Chapter 21:
The Revenant: The Soul Breaker
The council chamber was thick with tension. Maps of Beijing lay sprawled across the table, lines of failed offensives marked in red. The discussion circled endlessly: bombs, missiles, heavy artillery—all useless. The Black Dragon had shrugged them off like mere sparks in a storm.
Kohaku stood silent, his visor glowing faintly. Finally, he spoke.
“This operation should be halted. Every step forward costs lives—and gains us nothing.”
The room froze.
One of the generals slammed his fist on the table. “We can’t halt now! Too much has been prepared. To stop here would mean surrender!”
“Surrender?” Kohaku’s voice cut low, steady, dangerous. “What you’re planning is slaughter. You’re feeding soldiers to fire.”
But the council wouldn’t bend. Pride and desperation bound them tighter than reason. Even Eva and Seo’s arguments were drowned out by the noise.
Kohaku’s hands clenched. Without another word, he turned and left the chamber, the heated voices fading behind him.
The night air of Tianjin was cold, yet heavy, carrying with it something else.
A whisper.
“…Kohaku…”
It was soft, almost tender, calling from beyond the campfires. His steps slowed, then followed, deeper into the shadows.
Behind him, Meiyun had noticed his absence, and quietly followed.
From the mist stepped Yolanda—the black-haired Elf seer whose presence seemed half ethereal.
“Yolanda…” Meiyun breathed, eyes wide. “Wait—you can see her too, Kohaku?”
Kohaku frowned. “Of course I can. She’s standing right in front of me.”
Meiyun’s lips parted, disbelief trembling in her words. “Only those chosen… or descended from the old heroes… can see her.”
Kohaku’s gaze sharpened, but Yolanda’s calm voice drew him in.
“The Black Dragon is not just a beast. It is the amalgamation of soldiers’ spirits, bound with the soul of their commander. Hate has devoured them. They cannot be purified. Only destroyed.”
Her words struck deep.
“Then where is its weakness?” Kohaku asked.
Yolanda’s crimson eyes glimmered. “Its heart… and its mind. Strike both, or it will rise again. Remember—this dragon thinks as much as it hungers.”
Kohaku’s grip tightened on his weapon. “So I go alone, then. One man to pierce the core.”
Meiyun’s voice cracked in panic. “Alone?! You’d throw yourself away? What about your allies—your friends waiting for you to return?”
Kohaku turned slightly, his voice heavy under the night sky. “If that’s what it takes to end this, then so be it.”
“No!” Meiyun stepped forward, her hand trembling. “There has to be another way. We’ll find it. Together.”
For the first time, Kohaku’s expression faltered, hidden though it was. His silence spoke more than words.
At last, he broke it. “I’m building a weapon. A prototype—Railgun Buster. One shot only. If it fails… there won’t be a second chance.”
Meiyun’s eyes sharpened with sudden resolve. “Then we don’t waste it. We make that one shot count. We force the beast down—and strike where it can’t rise again.”
For the first time that night, Kohaku nodded. “The same way we did in Korea. But this time… only with those who know what they’re facing.”
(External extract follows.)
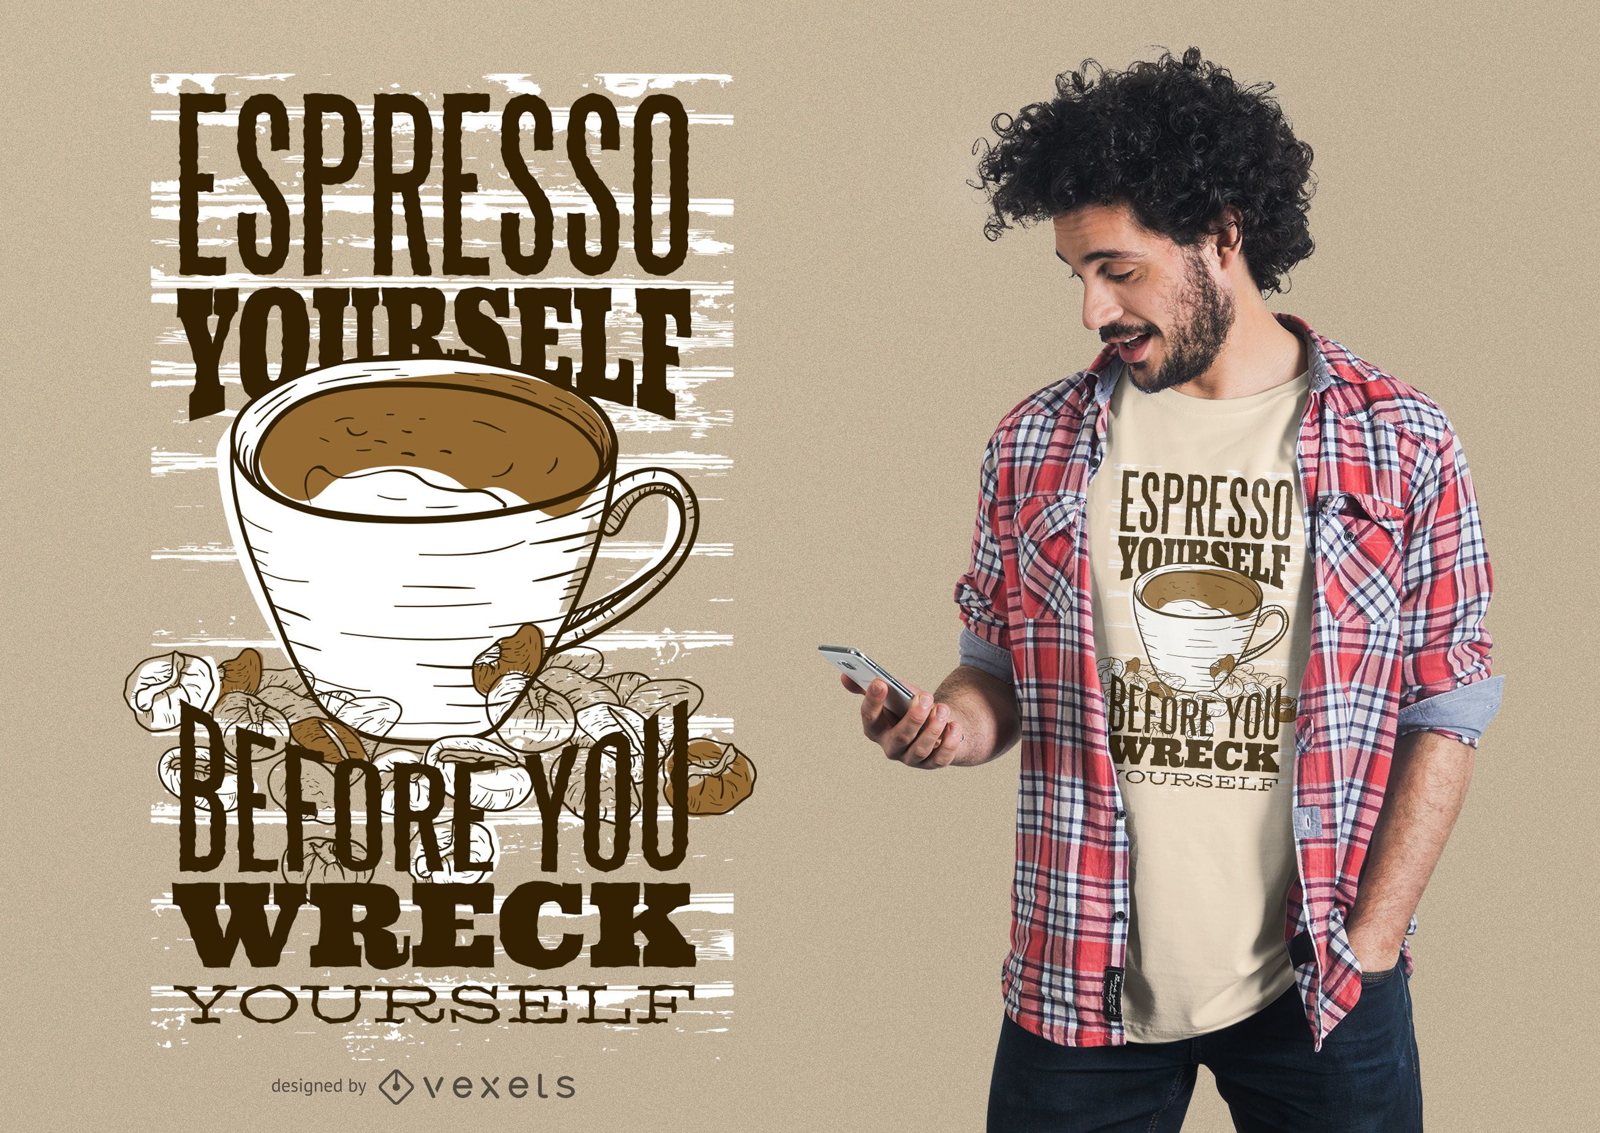 Espresso yourself t-shirt design

Meiyun’s breath steadied, though her heart still trembled. She knew this meant walking the edge of death again. Yet beside him, it felt possible.
When she left to prepare, Yolanda remained, her figure half fading into the moonlight. In her hand, a talisman shimmered—a carving of a white dragon, glowing faintly.
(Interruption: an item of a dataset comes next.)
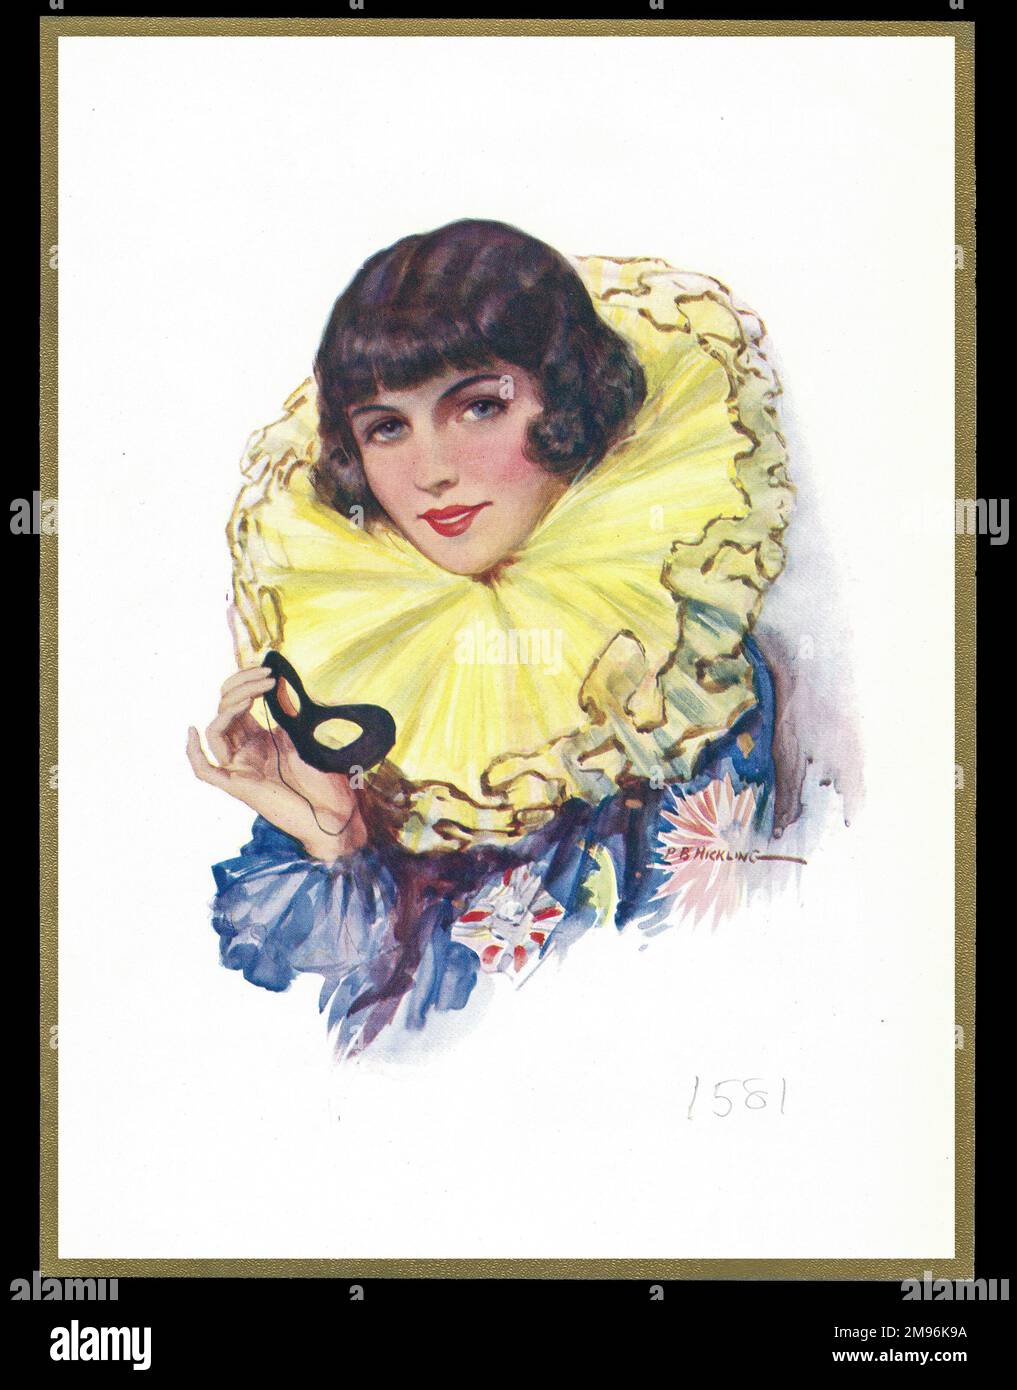 Schokoladenschachtel mit einer Dame im Karnevalskostüm, einer großen gelben Rübe um den Hals und einer schwarzen Maske in der Hand. Stockfoto

She placed it into Kohaku’s palm.
“This is no mere charm. When the shadow closes in, this will remind you of the path forward.”
Kohaku stared at it, his voice low. “Why give this to me?”
Yolanda’s smile was sad, almost maternal. “Because one day, she—Meiyun—will need you more than anyone. Guide her. Lead her. Bring her to victory.”
Her form shimmered, dissolving into the wind, leaving only the talisman glowing in his palm.
Kohaku stood still, then turned back toward camp. Agnes waited by the tent, sensors humming, her synthetic eyes tracking him.
“Agnes. Prepare the Railgun. Inform Rika, Seo, and Eva—tomorrow, we depart. No army. No backup.”
He placed a hand on the weapon, its immense frame gleaming in the torchlight.
“This time… there will be no failure. Not again.”